Single by Fedez

from the album Disumano
- Released: 24 September 2021
- Genre: Pop
- Length: 3:08
- Label: Sony
- Songwriters: Federico Lucia; Jacopo D'Amico; Davide Simonetta;
- Producers: Dargen D'Amico; Davide Simonetta;

Fedez singles chronology
| "Mille" (2021) | "Meglio del cinema" (2021) | "Morire morire" (2021) |

Music video
- "Meglio del cinema" on YouTube

= Meglio del cinema =

"Meglio del cinema" is a song co-written and recorded by Italian rapper Fedez. It was released on 24 September 2021 as the fifth single from his sixth studio album Disumano.

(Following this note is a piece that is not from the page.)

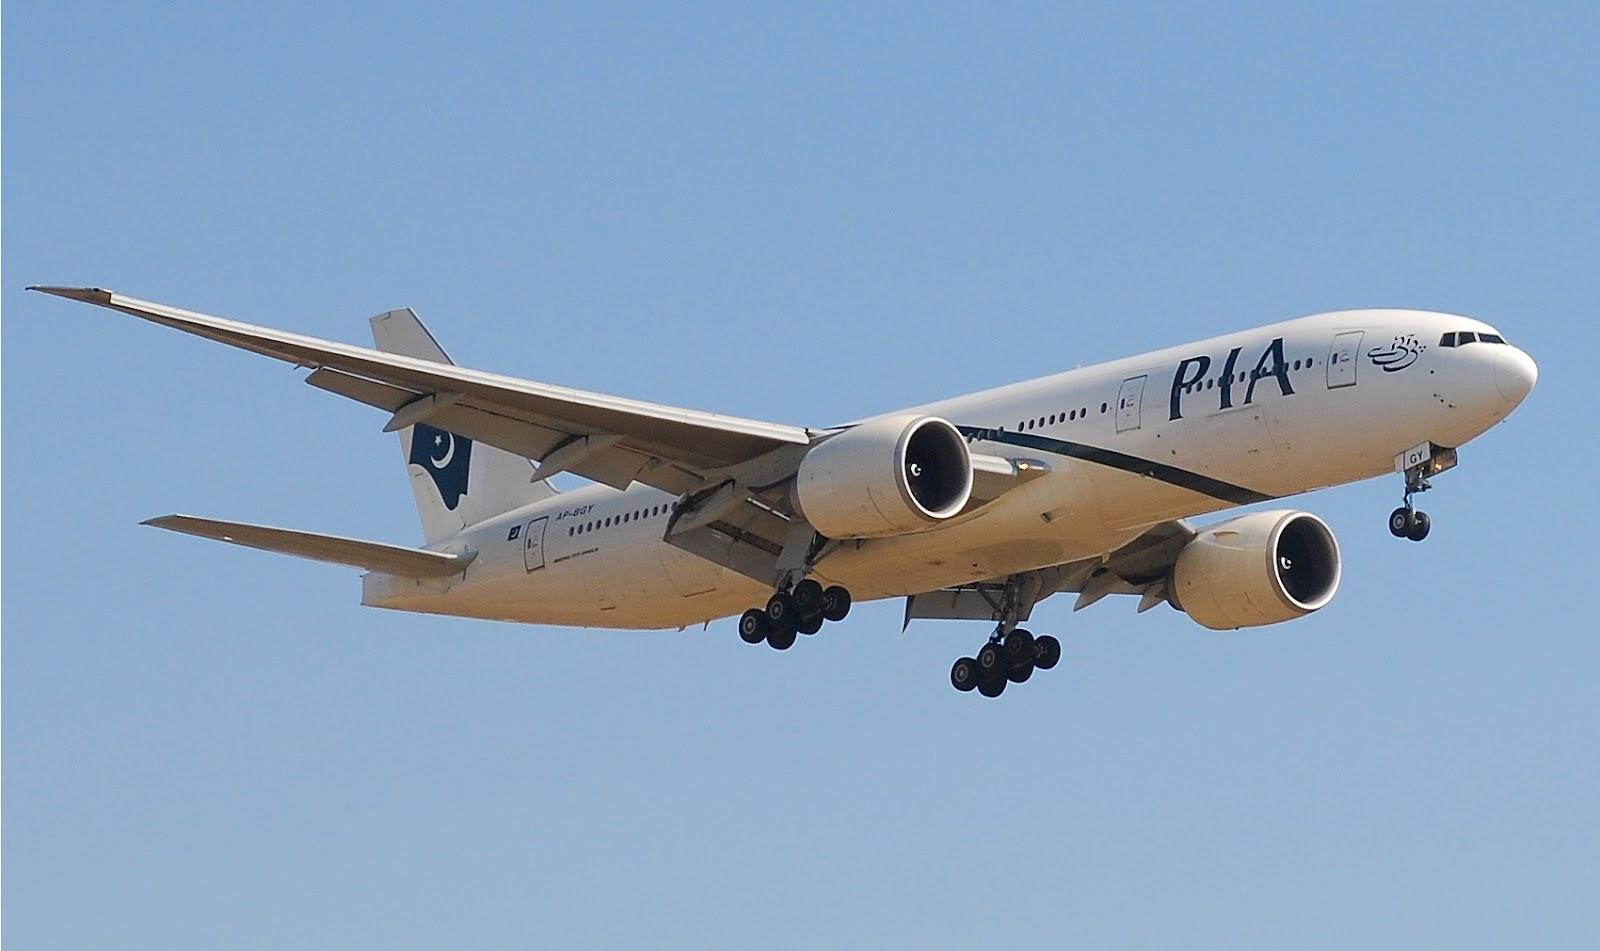 PIA_B777-200LR_AP-BGY.jpg

It was written by the rapper with co-writing contribution by Dargen D'Amico and Davide Simonetta, who also served as producers. The song is dedicated to his wife Chiara Ferragni and describes the beauty of a couple's everyday life. It peaked at number one on the FIMI Singles Chart.

==Music video==
A music video for "Meglio del cinema", directed by Daniele Bagolin, was released on YouTube on 30 September 2021.

==Charts==

Weekly chart performance for "Meglio del cinema"
| Chart (2021) | Peak position |
|---|---|
| Italy (FIMI) | 1 |
| Italy Airplay (EarOne) | 15 |
| Switzerland (Schweizer Hitparade) | 92 |

==Certifications==

Certifications for "Meglio del cinema"
| Region | Certification | Certified units/sales |
| Italy (FIMI) | Platinum | 70,000^{‡} |
^{‡} Sales+streaming figures based on certification alone.